● **Provided data**
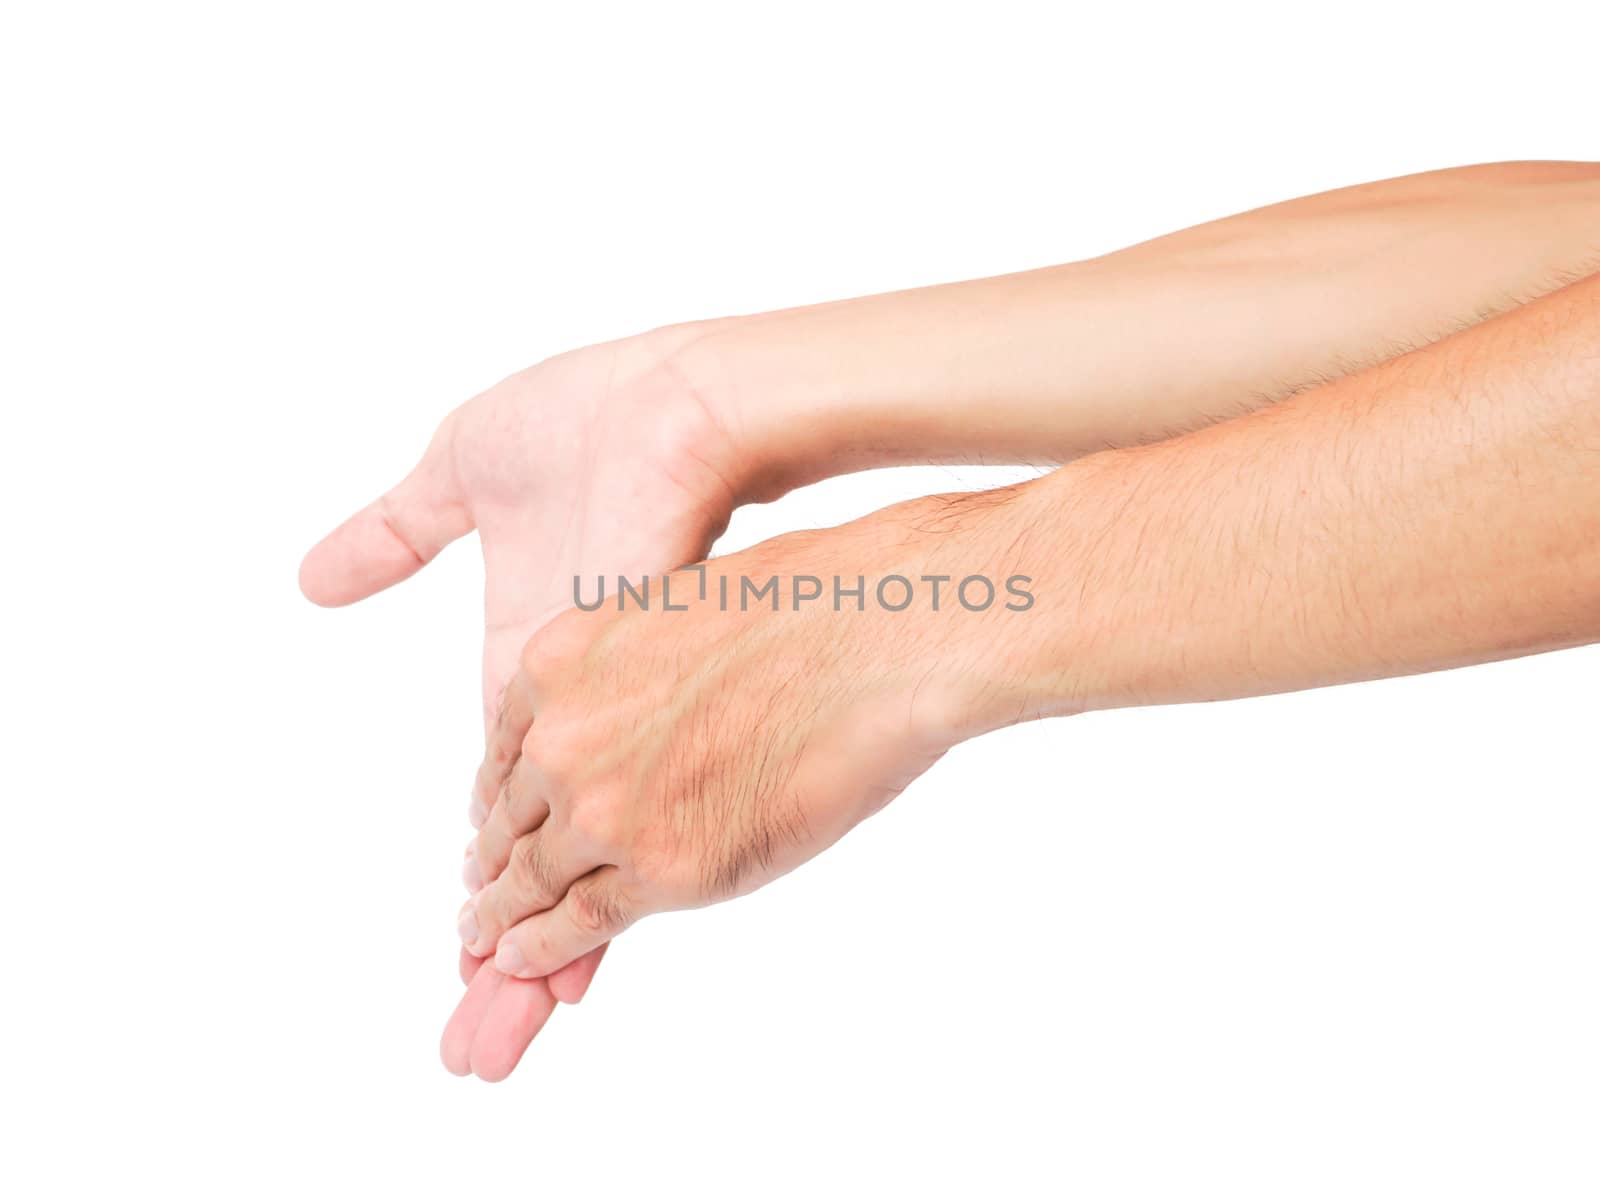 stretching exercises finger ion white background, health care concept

...

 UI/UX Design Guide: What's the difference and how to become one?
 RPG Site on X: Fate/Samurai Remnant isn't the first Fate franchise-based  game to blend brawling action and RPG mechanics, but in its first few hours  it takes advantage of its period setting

● **Directions for this task**
Once you find the line with "UI/UX Design Guide: What's" above, print it and every line after it up to and including the line with "RPG Site on", exactly as written and nothing else.

● **Answer below**
 UI/UX Design Guide: What's the difference and how to become one?
 RPG Site on X: Fate/Samurai Remnant isn't the first Fate franchise-based  game to blend brawling action and RPG mechanics, but in its first few hours  it takes advantage of its period setting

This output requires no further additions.